L’intolleranza al glutine (Celiachia) è collegata alla patologia detta “enteropatia glutine-sensibile” o “morbo celiaco” o, più semplicemente, celiachia.
La celiachia o morbo celiaco è una patologia cronica autoimmune dell’intestino tenue causata dall’intolleranza permanente al glutine, una sostanza che si forma dall’unione, in presenza di acqua, delle proteine gliadina e glutenina contenute in cereali e derivati quali frumento, orzo, farro, bulgur, cous-cous, segale, seitan, kamut, triticale.

La frequenza in Italia è circa 1 su 100 individui. La celiachia rientra tra le malattie da malassorbimento, poiché i villi della mucosa intestinale sono appiattiti e impediscono l’assorbimento efficace di sostanze nutritive, vitamine e sali minerali. La diagnosi di celiachia prevede la ricerca su sangue degli anticorpi anti-transglutaminasi, anti-gliadina e anti-endomisio e la biopsia intestinale per valutare lo stadio della malattia. Attualmente l’unica terapia è la dieta senza glutine, che se seguita rigorosamente porta alla remissione della malattia.

Gravi complicanze data dall’intolleranza al glutine (Celiachia) possono essere:
– Osteoporosi;
– Diabete mellito;
– Linfomi;
– Altri disturbi autoimmuni (diabete di tipo 1,malattie autoimmuni della tiroide);
– Malattie autoimmuni del fegato, artrite reumatoide, morbo di Addison (una malattia che danneggia le ghiandole che producono gli ormoni più importanti), sindrome di Sjögren (una malattia che danneggia le ghiandole lacrimali e salivari);
– Infertilità;
– Alcune patologie neurologiche;
– Malattia di Parkinson, disturbi psichici e neuropsichiatrici (ansia, disturbo bipolare, schizofrenia, …)

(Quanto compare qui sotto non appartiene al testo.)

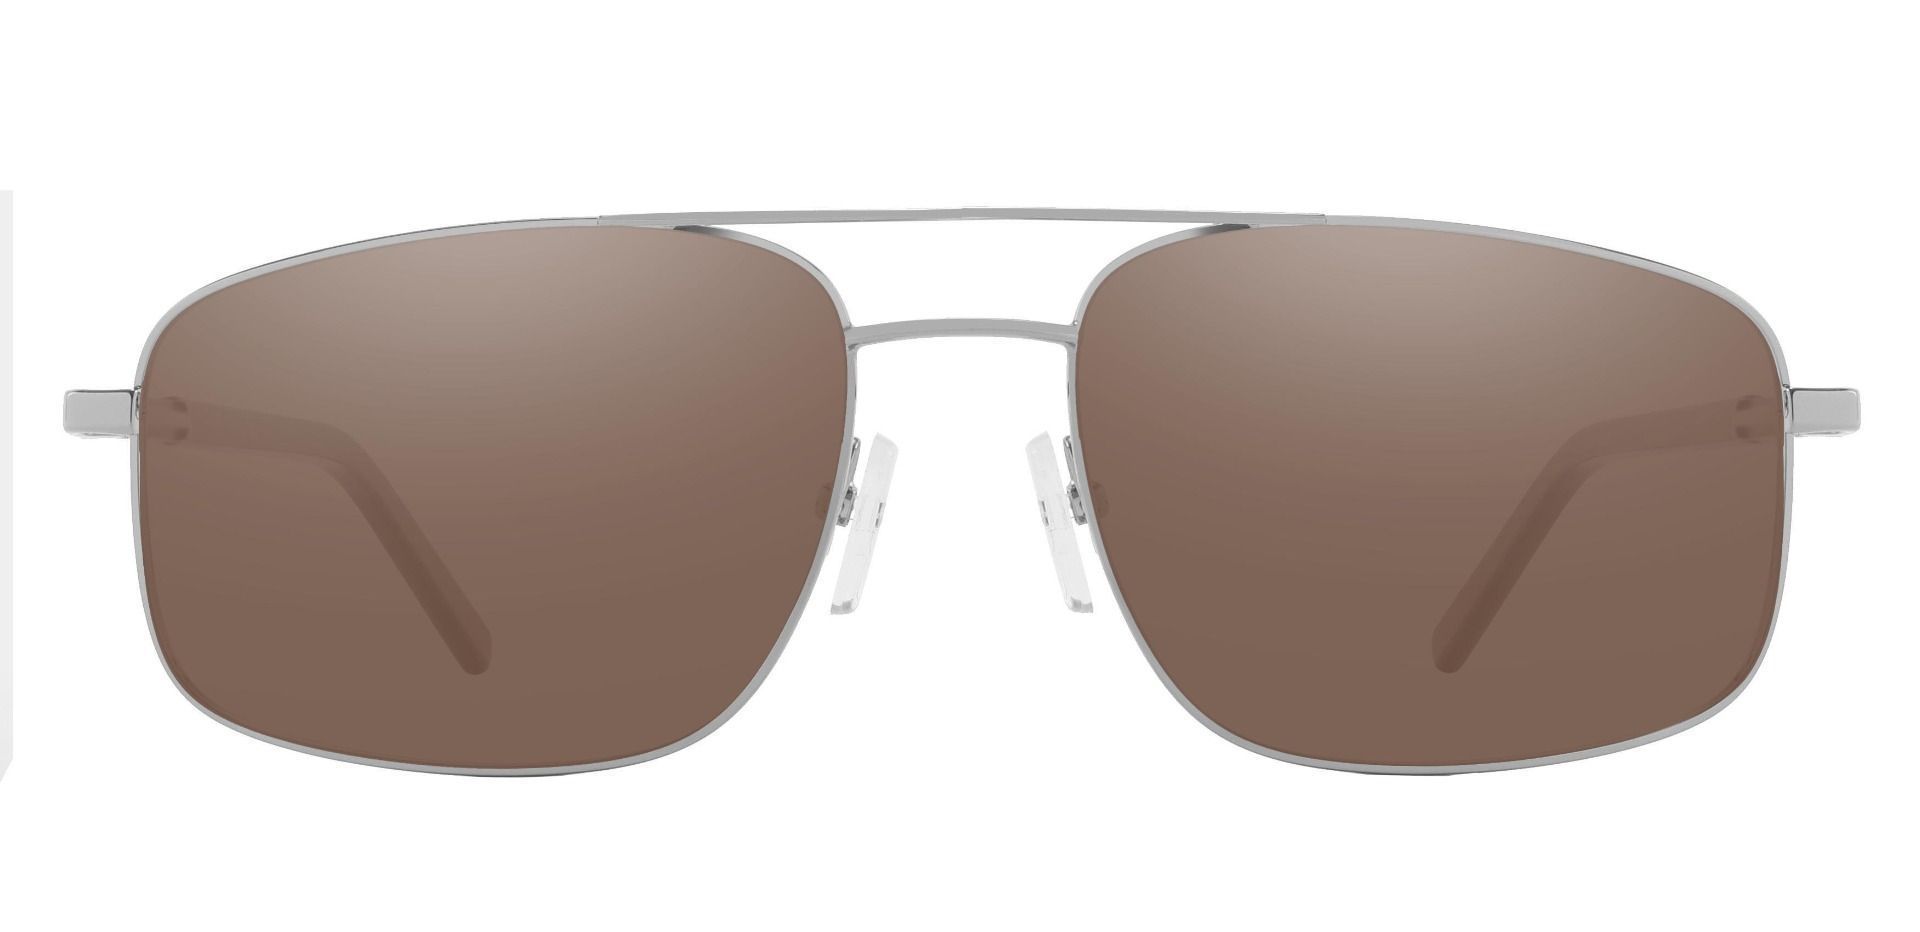 Davenport Aviator Lined Bifocal Sunglasses - Silver Frame With Brown Lenses

– Gonfiore e dolore addominale
– Crampi
 Sensazione di pienezza
– Diarrea cronica
– Stipsi
– Meteorismo e flatulenza 
(eccessiva produzione di gas)
– Nausea e vomito
– Feci di colore chiaro sciolte e grasse, di odore particolarmente sgradevole e che galleggiano
– Anemia

– Ritardo nella crescita per i bambini
– Perdita di peso
– Osteopenia e dolori articolari

Chi soffre di celiachia (intolleranza al glutine) mostra un tipo ben preciso di lesione intestinale, in cui le proteine complesse del frumento, segale ed orzo inducono il sistema immunitario ad attaccare l’intestino tenue.
La celiachia (intolleranza al glutine) si trasmette per via genetica, cioè può colpire i membri della stessa famiglia, ma in alcuni pazienti si scatena, o si manifesta per la prima volta, dopo eventi quali:
– interventi chirurgici,
– gravidanza o parto,
– infezione virale

– o uno stress emotivo molto forte
La celiachia (intolleranza al glutine) è anche maggiormente frequente tra le persone affette da altre malattie genetiche, come ad esempio la sindrome di Down e la sindrome di Turner (una malattia che incide sullo sviluppo femminile).

Questi test celiachia (intolleranza al glutine) sono consigliati e molto utili in caso di:

– Sintomatologia sospetta
– Familiarità
– Diagnosi in età pediatrica evitando, inizialmente, test invasivi come quello della biopsia intestinale nel caso di sospetta malattia celiaca, o il complesso breath test nel caso di sospetta intolleranza al lattosio

Il test che si effettua attraverso le analisi del sangue NON dà un risultato certo, infatti se i risultati delle analisi sono negativi, ma si sospetta ancora la presenza della celiachia, potrebbero essere necessarie ulteriori analisi.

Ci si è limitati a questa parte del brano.